Она собиралась в Новоиерусалимский Воскресенский монастырь. Ей одновременно хотелось быть и по-бальному прекрасной, и по-монастырски скромной. Ни то ни другое не давалось, да и как совместить несовместимое? От мраморного трона летели в лица прислужниц банки-склянки, чулки, кружева, заколки, гребенки, а один раз, когда Алексей Разумовский вошел в святая святых, чтобы посетовать на свою разыгравшуюся подагру, ему на голову слетел, как голубок, головной плат – Елизавета и в темном не хотела идти, и белый плат ее не утешал. Решили примерить голубенький, который бы совмещал и монастырское, и обычно-дорожное. Но и это не приглянулось, слетело в гневе на голову Алексея.

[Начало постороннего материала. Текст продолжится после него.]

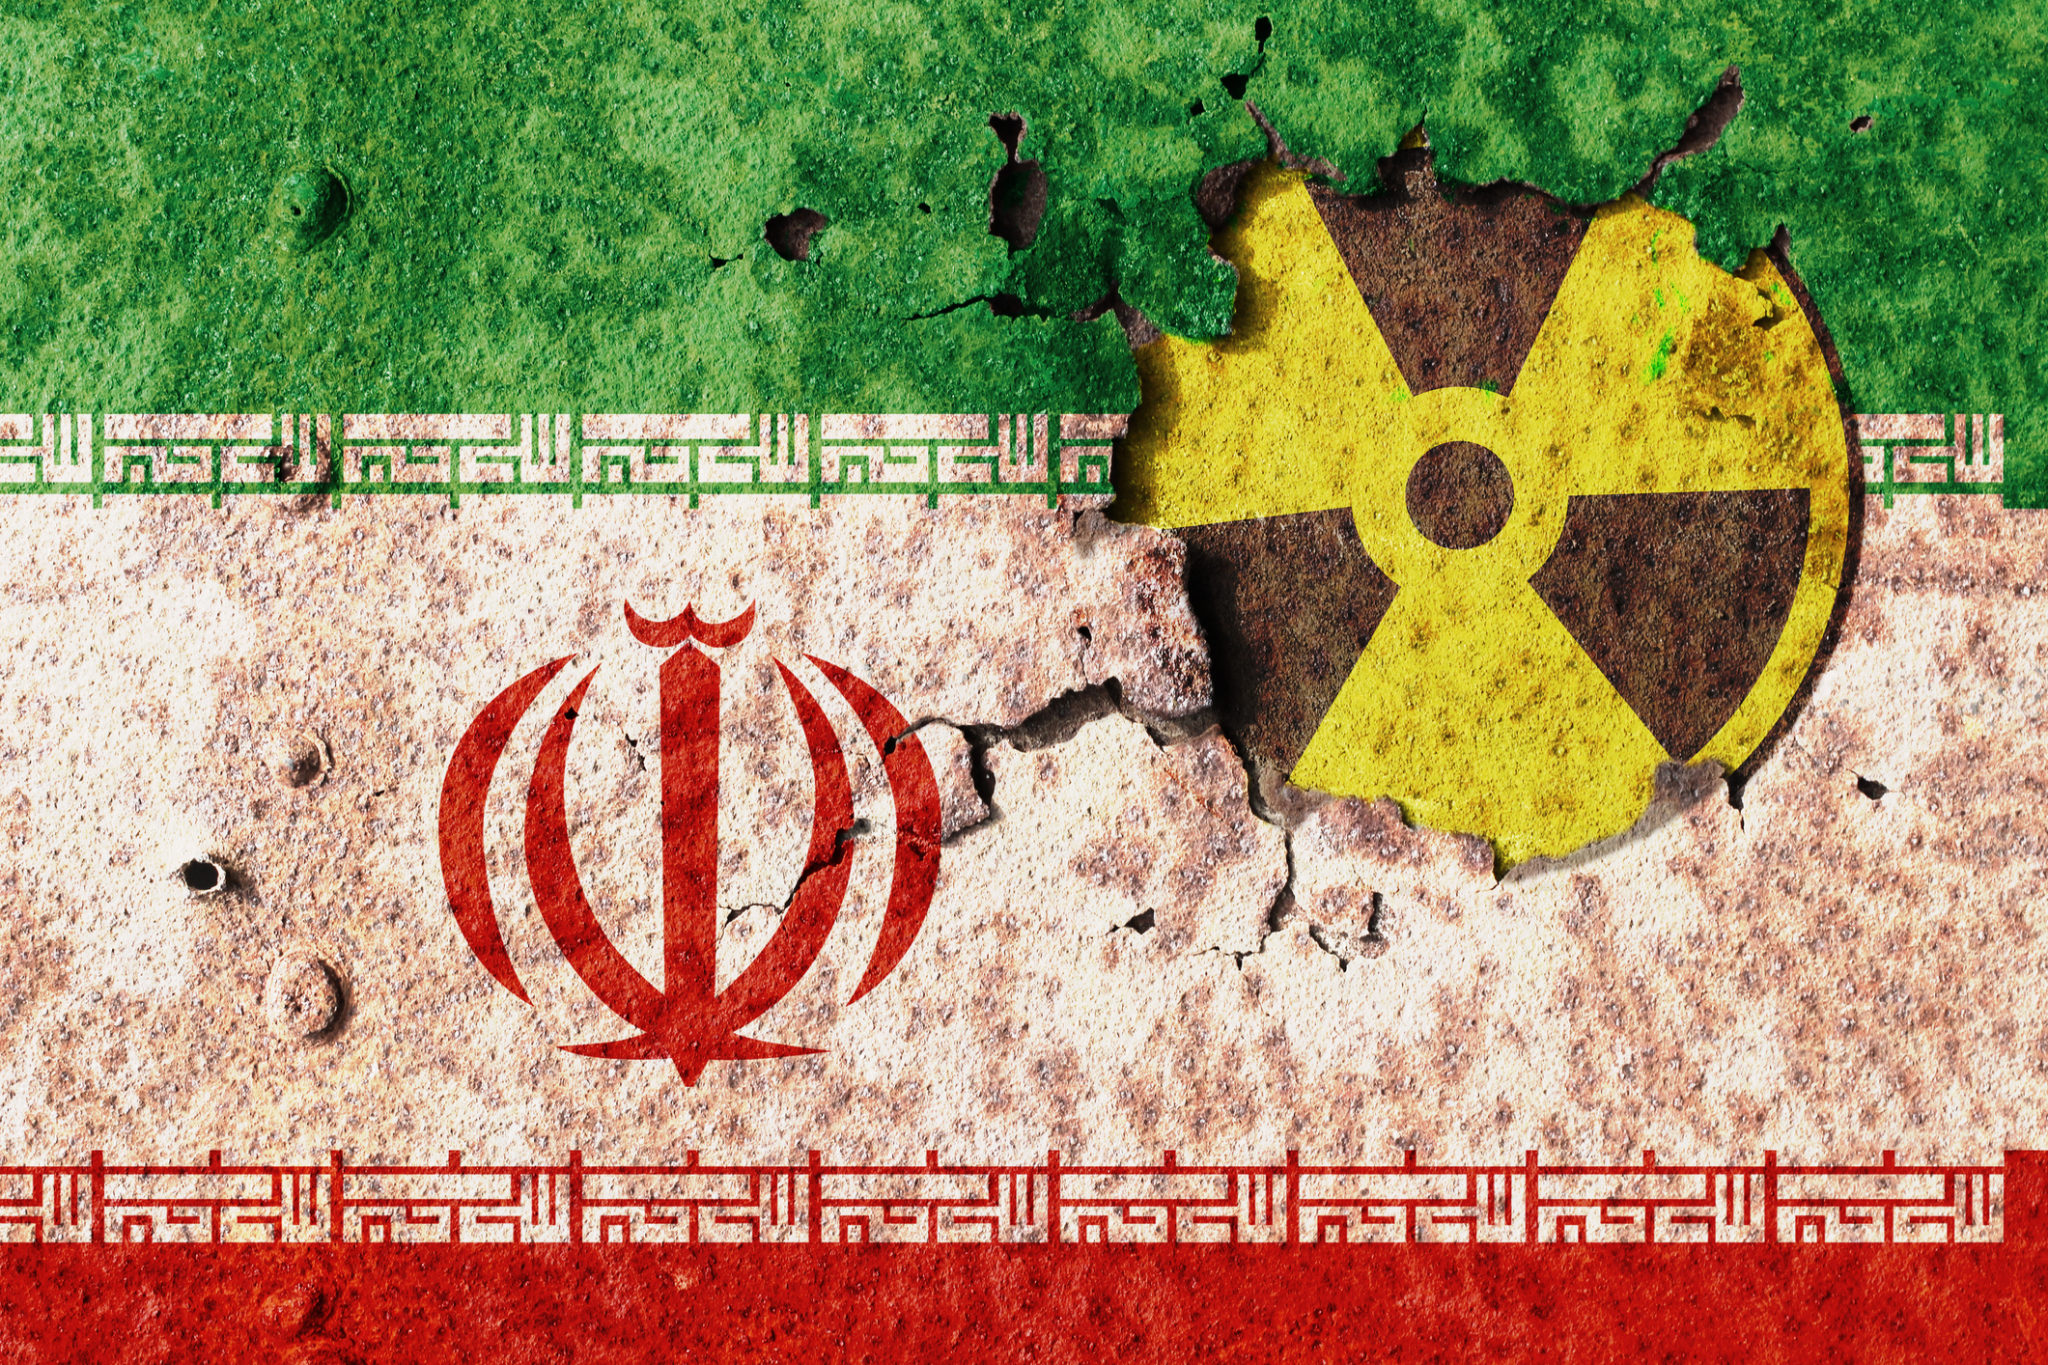 Deal or No Deal on Iran’s Nuclear Program?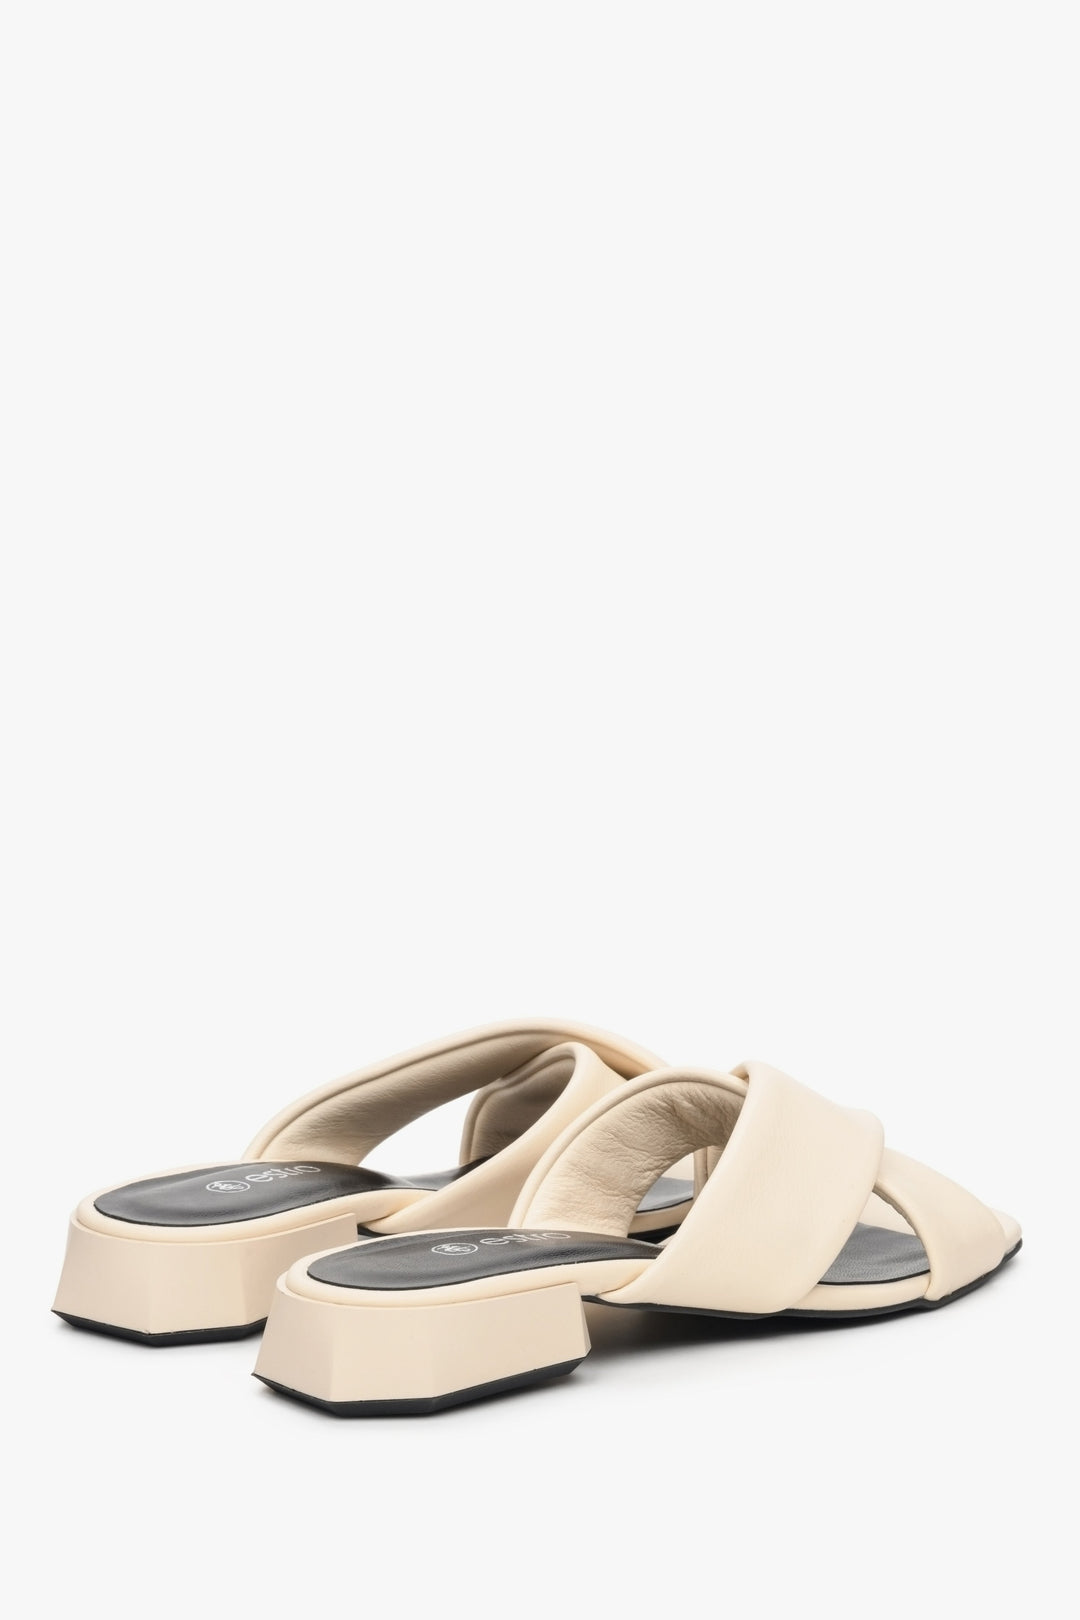 Women's low-heeled leather mules in beige - close-up on back tip of the shoe.

– Благодарю вас, государыня, – подошел он, не снимая платка. – Я так и пойду… впрочем, поеду? Подагра проклятая.

– Опять? – рассмеялась Елизавета – у нее гнев на смех быстро менялся.

– Что делать, опять…

– Ах, граф мой болезный! Но не оставаться же тебе дома одному? Нам до Нового Иерусалима и за неделю не дойти. Ведь ты иссохнешь от тоски.

– Иссохну, государыня, – потупился он, прикладываясь к ручке, которая расшвыривала кружева.

– Как древо подсеченное?

– Как древо, государыня. Пригодное разве что на дрова…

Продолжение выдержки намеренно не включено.